» **EXTRACTED INFORMATION**:
════

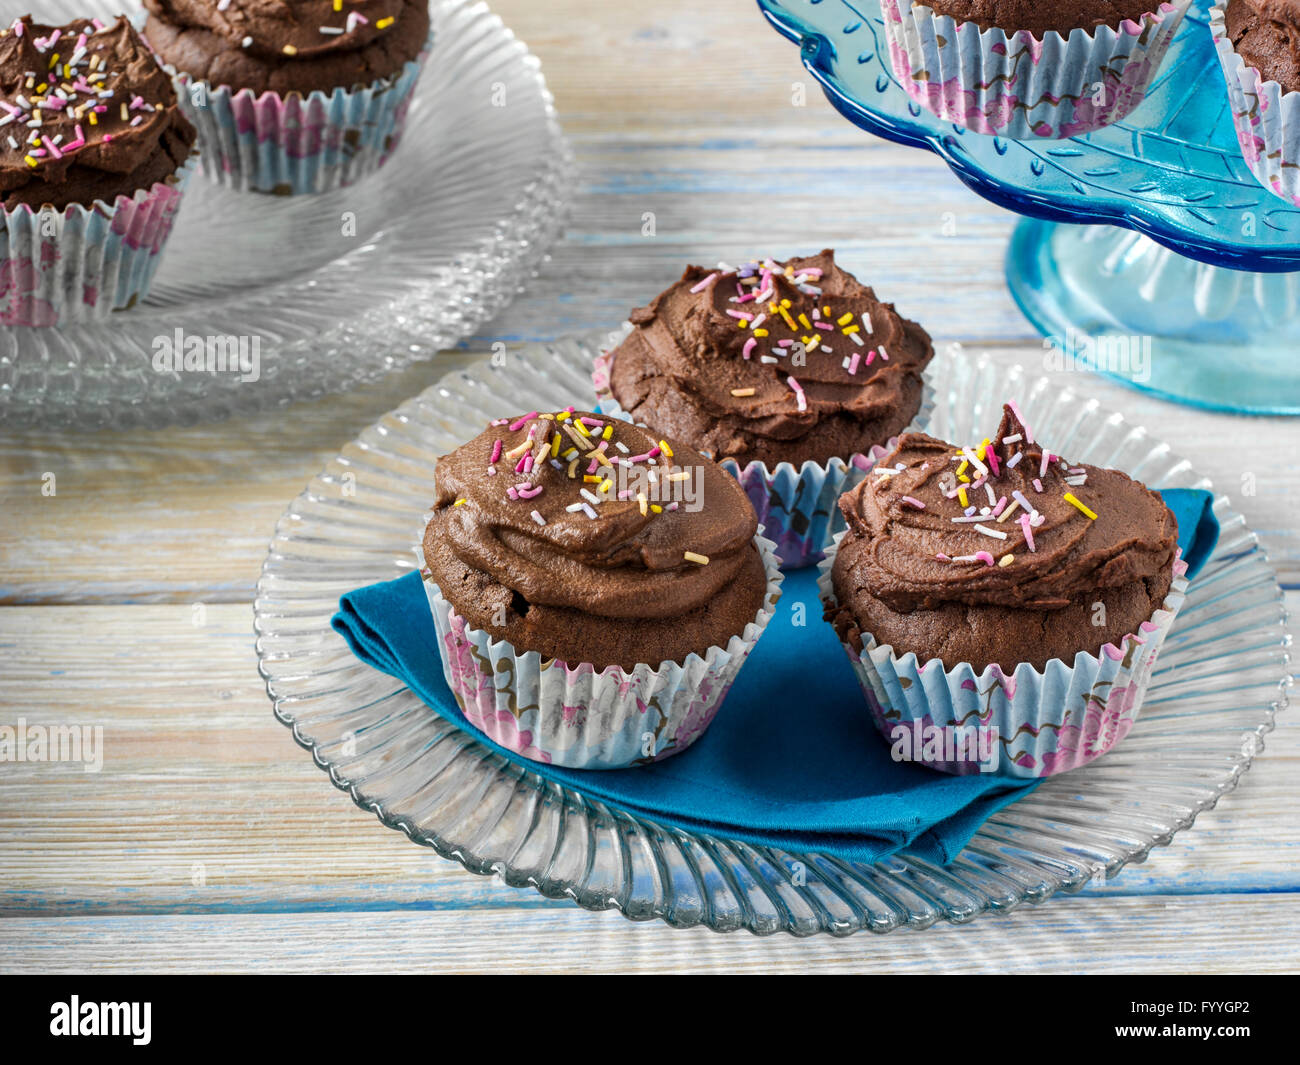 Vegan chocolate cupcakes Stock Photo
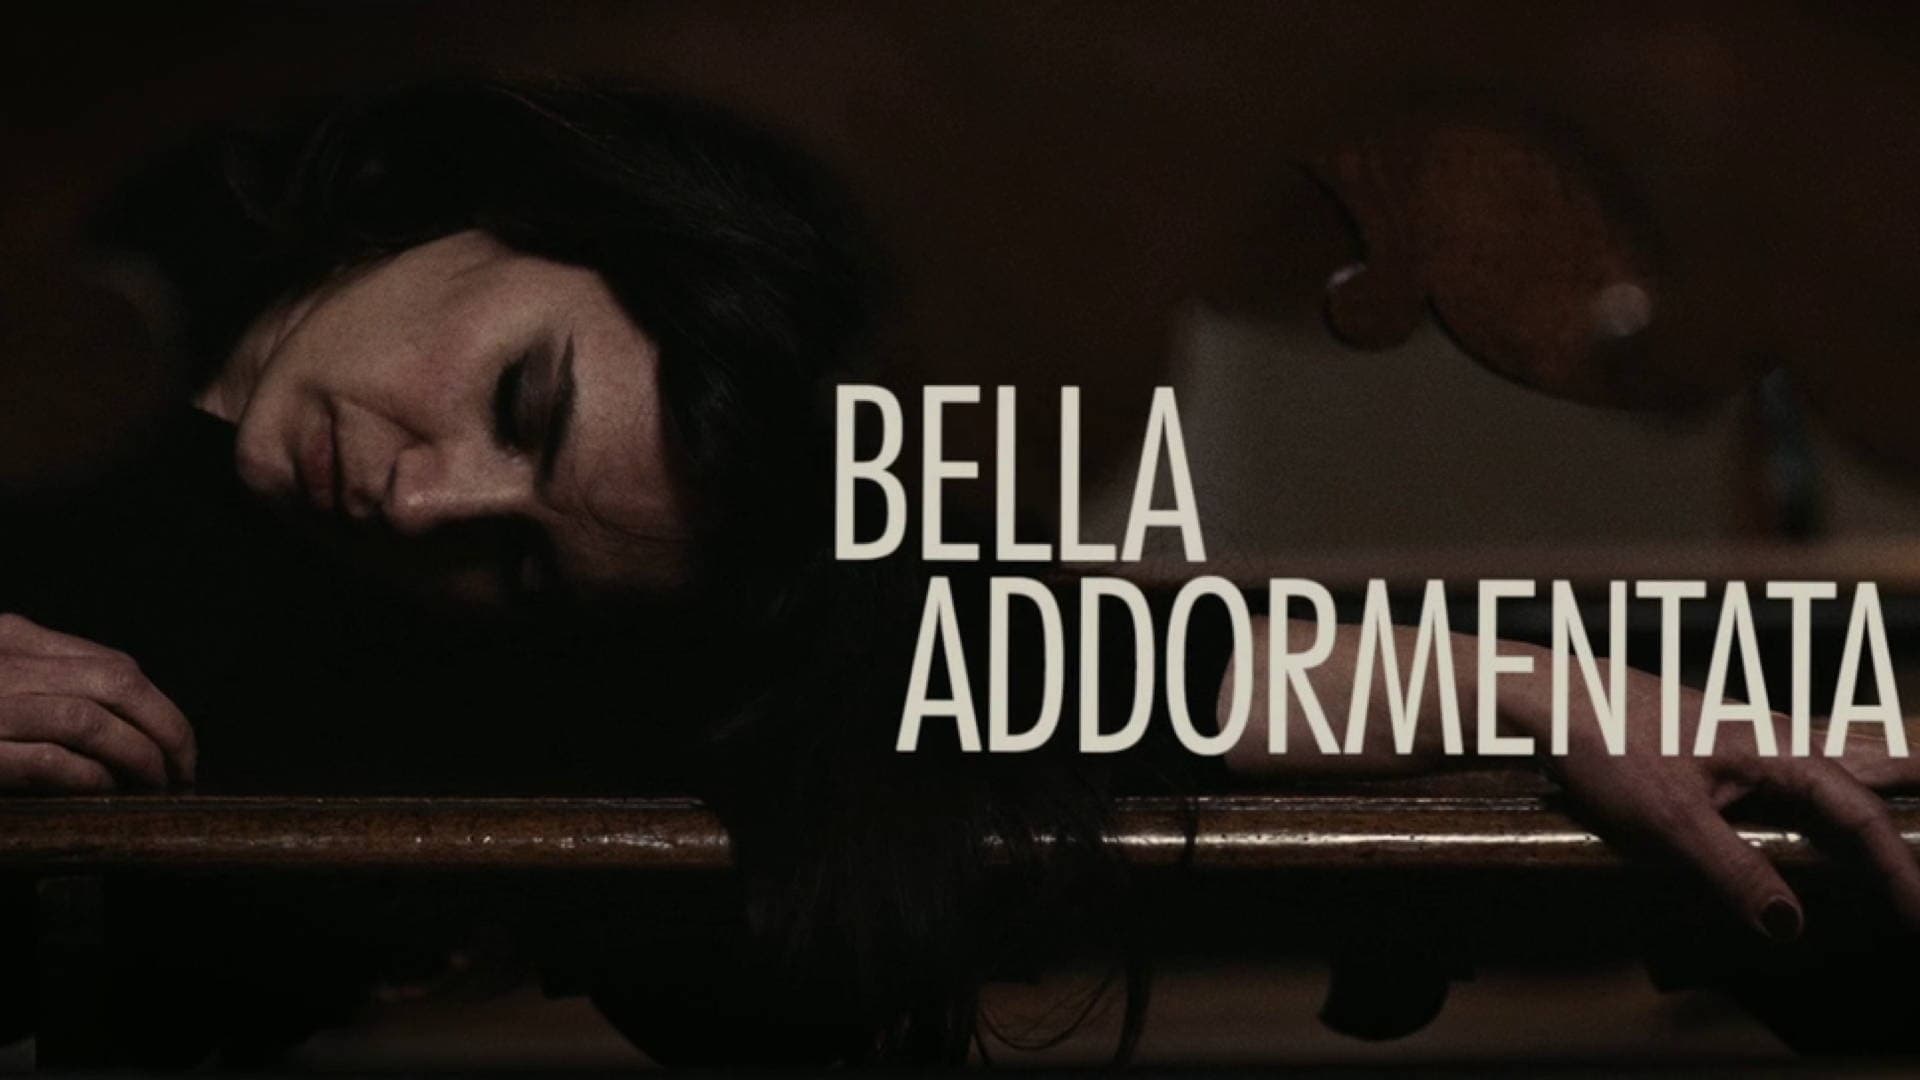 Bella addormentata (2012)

════

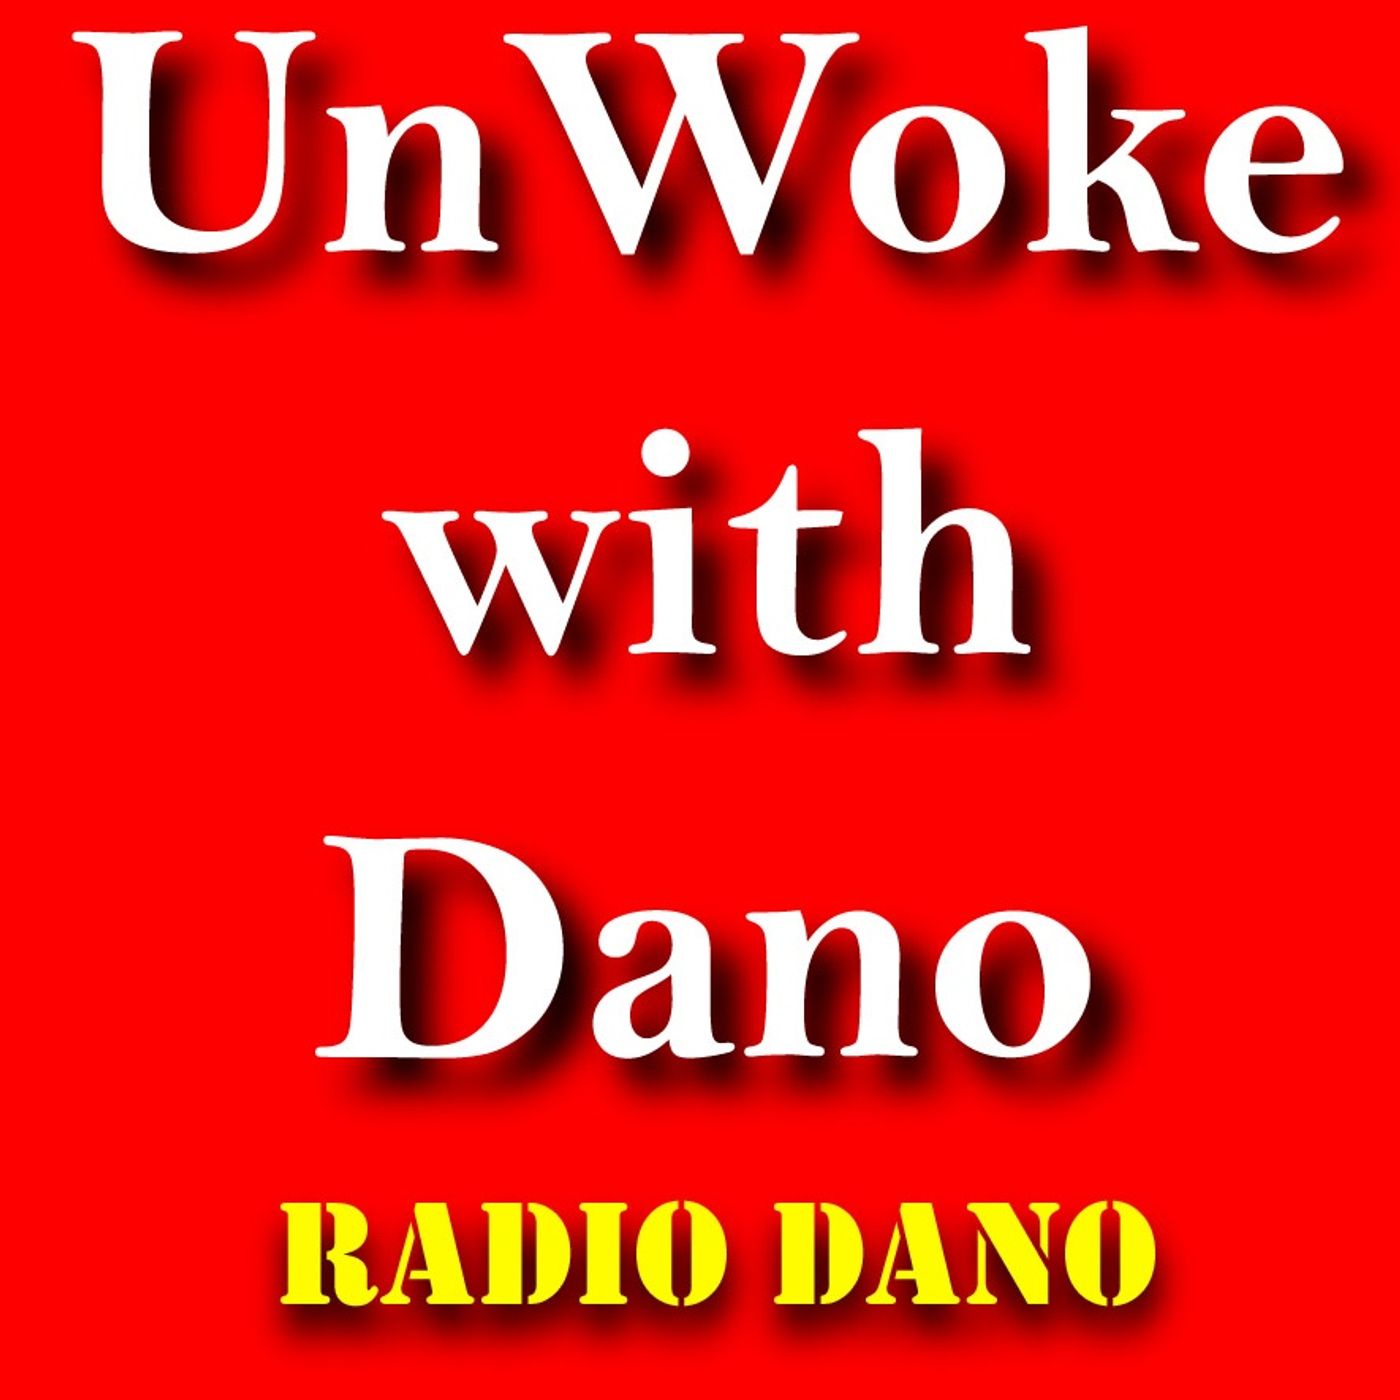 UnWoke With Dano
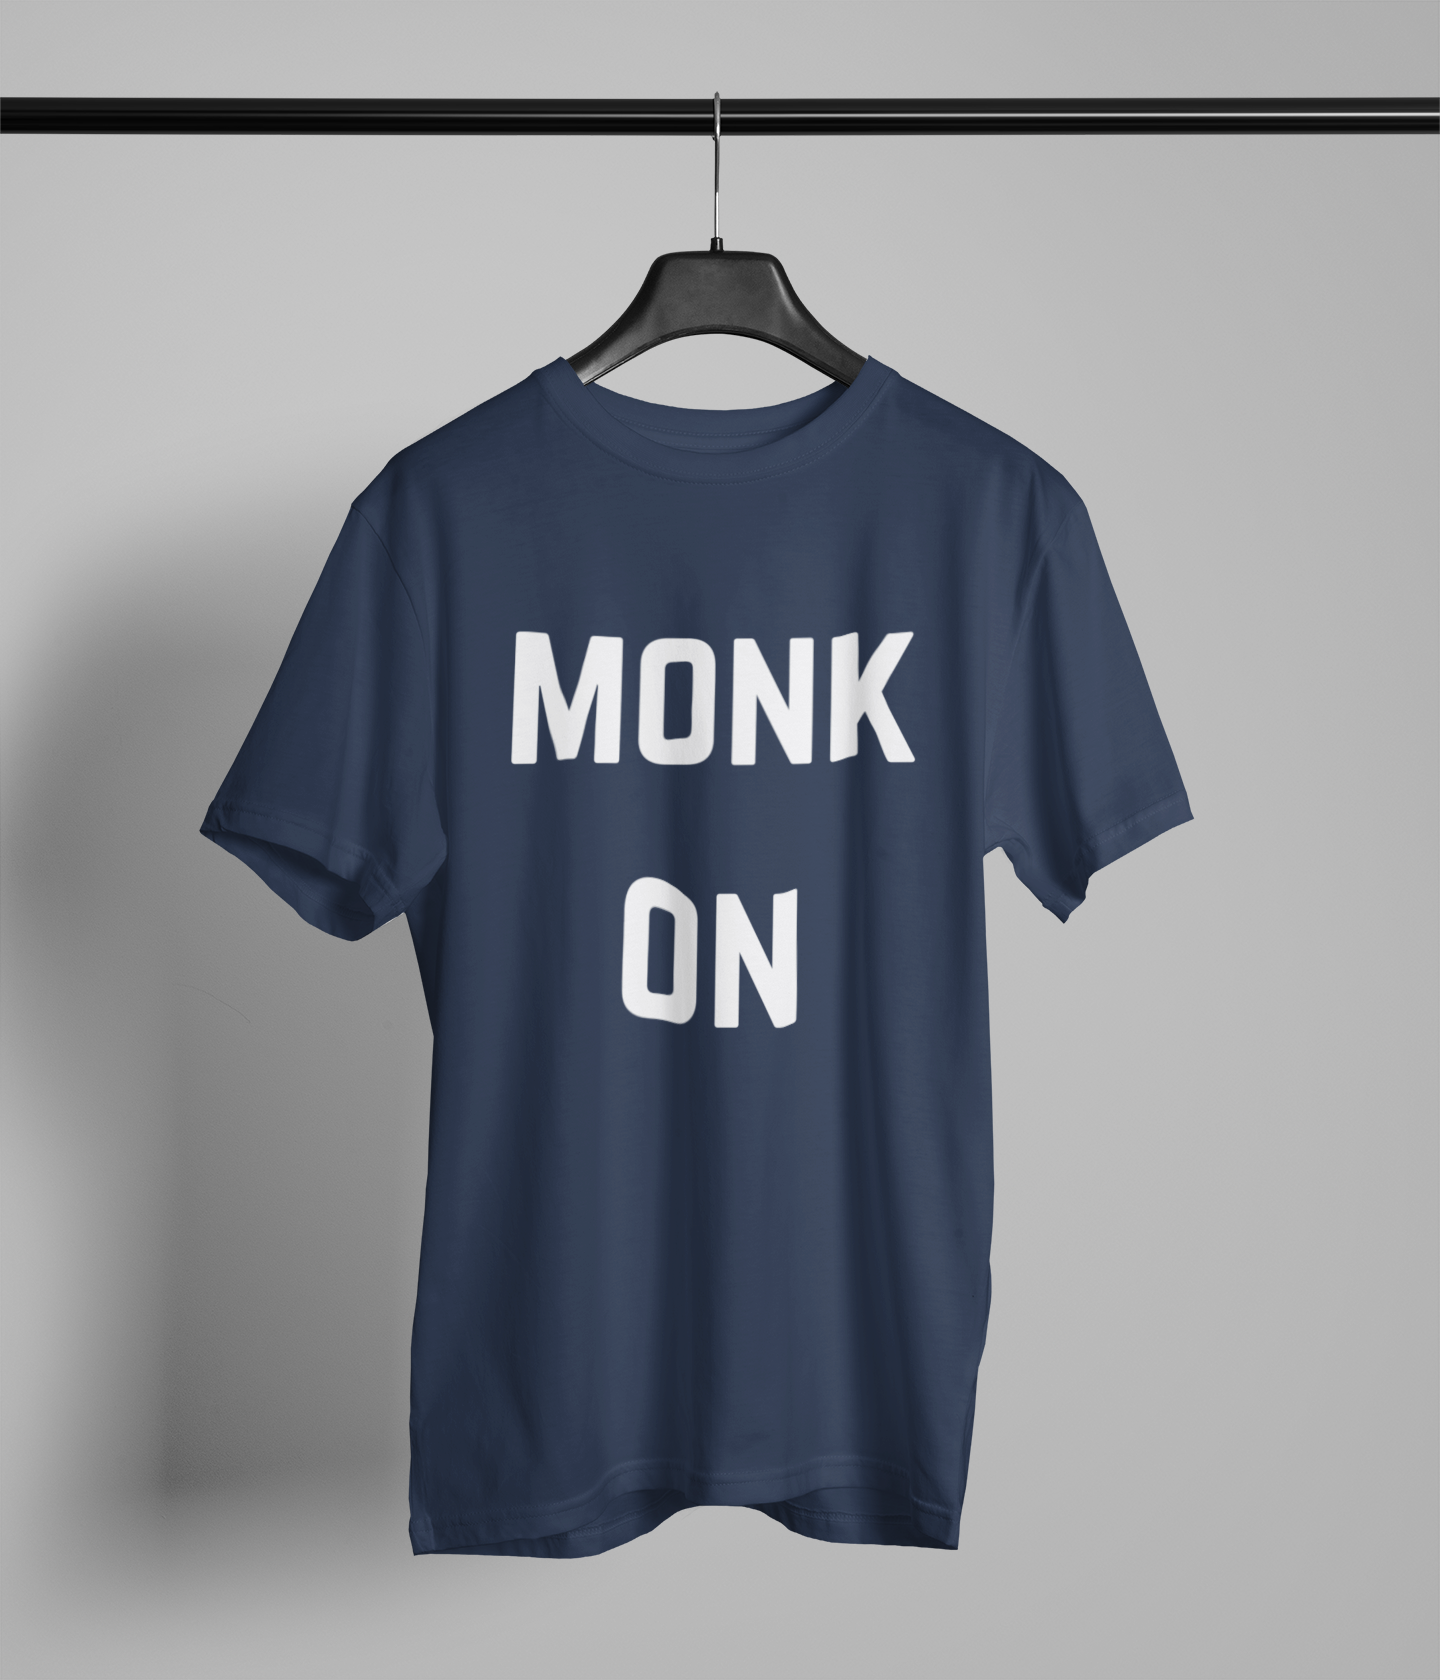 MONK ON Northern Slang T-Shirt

════

» **AIM OF THE EXERCISE**: In the listing above, find the line with "Vegan chocolate cupcakes Stock Photo" and the line with "Bella addormentata (2012)". Copy both of them and every line between, exactly, but not the pictures.

» **TASK RESULT**:
 Vegan chocolate cupcakes Stock Photo
 Bella addormentata (2012)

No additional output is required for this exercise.